Уилл взял второй тост с маслом.
— Фанни, я не уверен, что знал о твоих планах, но ты нужна мне. — он выглядел таким привлекательным: слегка взъерошенный, с детской тревогой в глазах. Неужели я действительно причиняю ему боль?
Я покачала головой.
— У нас с папой запланировано много дел. Мы приглашены в Хантер-Вэлли, мы должны быть почетными гостями на приеме в Аделаиде вместе с Бобом и Кеном, там соберутся виноделы со всей Ярры.
Эти имена ничего не значили ни для одного из них. Они были неотъемлемой частью нашей с отцом территории, мы вели с ними бизнес многие годы.
— Тебе нравится сладко улыбаться, целовать в щеку незнакомых людей, петь колядки и пожимать липкие руки?
— Это часть сделки. — Уилл перевел взгляд с Манночи на меня.
Мы с Уиллом немало времени потратили на обсуждение теории разделения наших бизнесов, и я считала, что могу сама решать, когда мне выходить на дежурство и становиться Хорошей женой.
— А это бизнес, Уилл. Он подразумевает долгосрочные обязательства.
Манночи взял тарелку с яичной скорлупой и направился к двери.
— Уилл, Фанни, думаю, вам надо поговорить без меня… Фанни, возможно тебе стоит завести дневник с годовым планом действий? Это поможет нам в будущем избежать непонимания.
Это послужило сигналом для нашей первой ссоры, через которую красной линией проходило: почему ты не сказала мне раньше? На что я едко отвечала: ты не слушаешь, что я говорю. Наконец, Уилл пожелал узнать, как я могла выставить его таким дураком перед Манночи?
— Очень просто, — молниеносно отреагировала я.

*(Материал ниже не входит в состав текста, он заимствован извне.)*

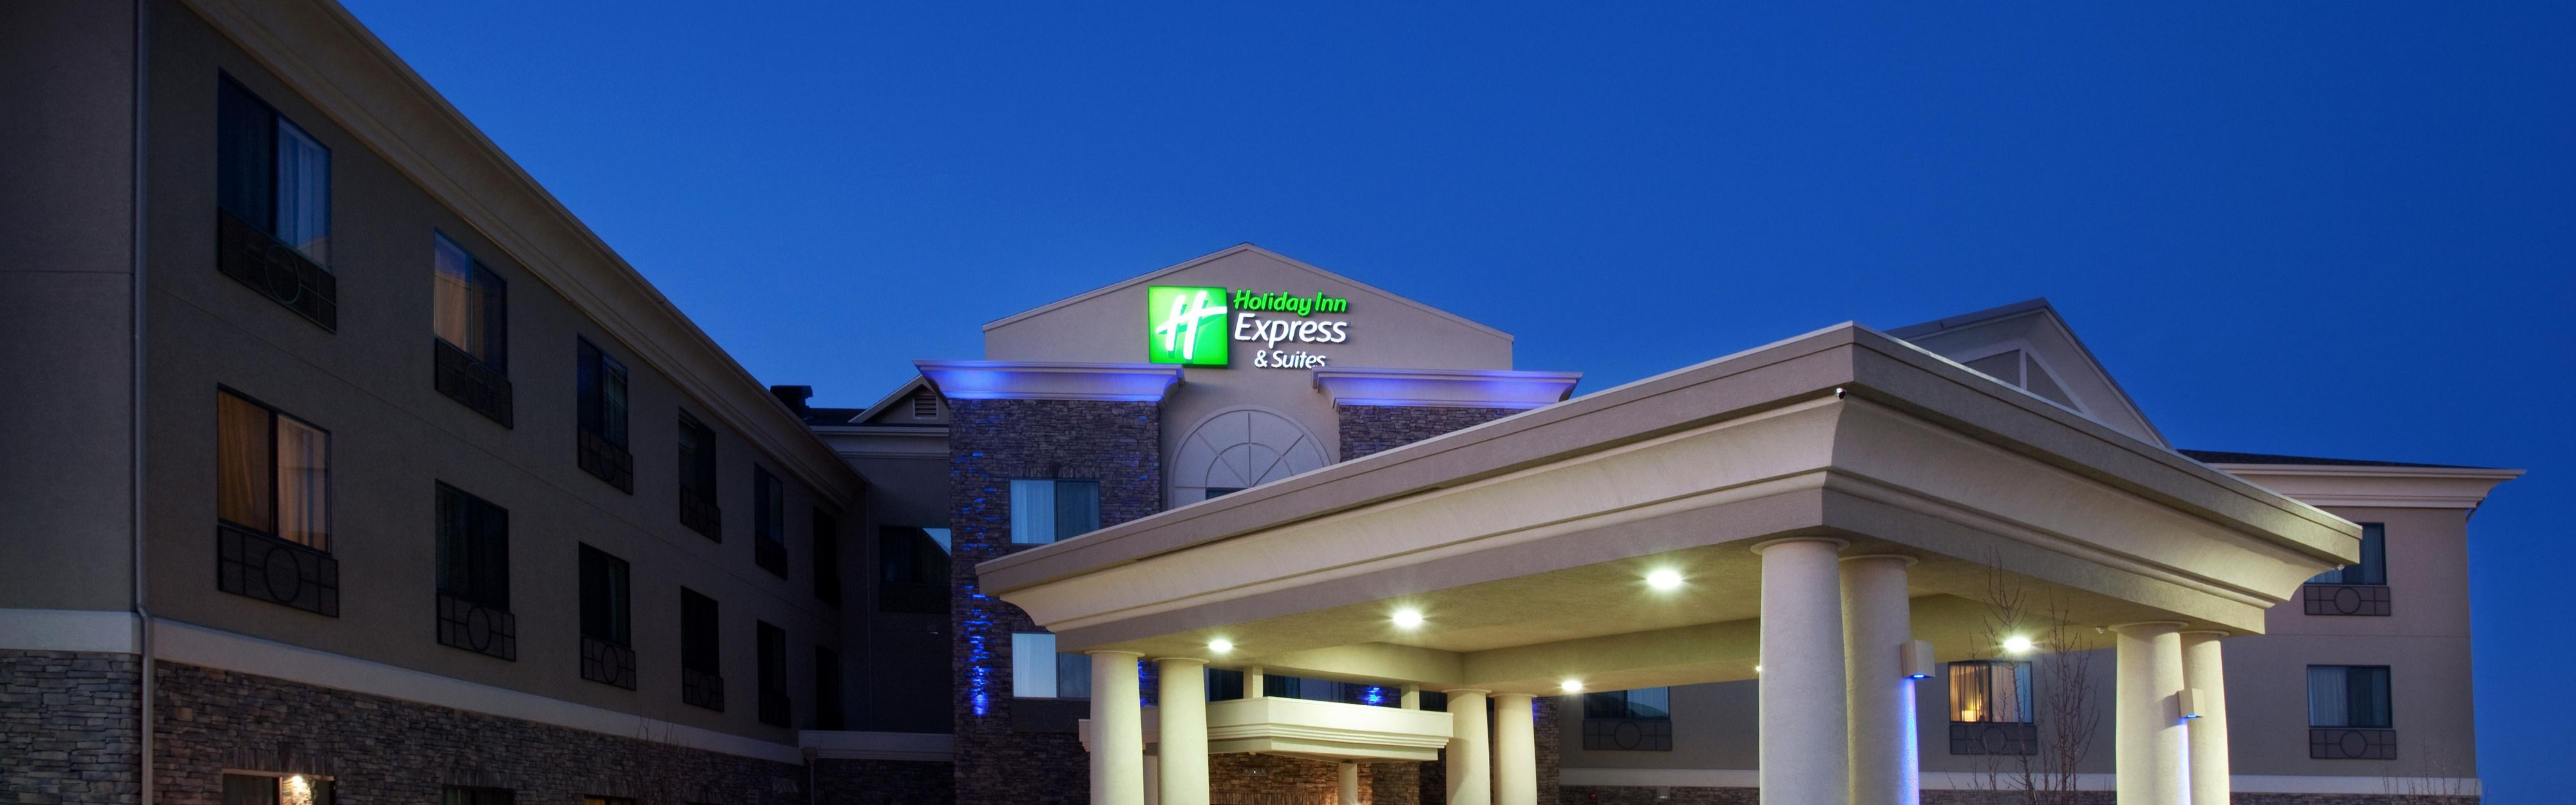 Holiday Inn Express & Suites Los Alamos Entrada Park image 0

Это заставило Уилла усмехнуться. После чего атмосфера разрядилась и мы смогли говорить спокойно. Было ясно одно: мы не пришли к согласию в отношении демаркационной линии и должны определить границы обязательств.
Не то, чтобы Уилл требовал от меня бросить ради него работу.

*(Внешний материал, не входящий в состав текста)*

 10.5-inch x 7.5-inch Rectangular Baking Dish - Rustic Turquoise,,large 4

— Вовсе нет, — сказал он. Он почесал затылок. — Твоя работа важна, и она имеет приоритет. Но мне бы хотелось, чтобы ты была рядом со мной в течение Рождественской гонки. Просто это мой первый год.
Большую часть ночи я пролежала без сна, взвешивая все плюсы и минусы и пытаясь соразмерить свои возможности с предъявленными требованиями.
Предмет спора внезапно вызвал во мне такую обиду, что я решила подняться и приготовить себе чай в четыре утра. Ожидая, пока чайник закипит, я провела пальцем по красным крышкам стеклянных банок, которые я купила вскоре после свадьбы.
Настоящая кухня должна быть больше этой. Она не должна быть такой узкой и скупой.
Если верить моему отцу в большом доме в Фиертино была просторная кухня с обширной кладовой. В ней хранились паштеты, вяленое мясо и домашние консервы. «На полках рядами стояли банки самых разных цветов, — говорил он мне. — Фрукты, маринованные огурчики и грецкие орехи… если бы можно было спрятать лето в банку, то оно хранилось бы в этих банках. Моя мать проверяла кладовую каждый день. Это была привычка, она не мыслила дня без обязательной проверки. Она всегда говорила, что это важно для семьи. Она должна была сама убедиться, иначе не могла заснуть ночью.»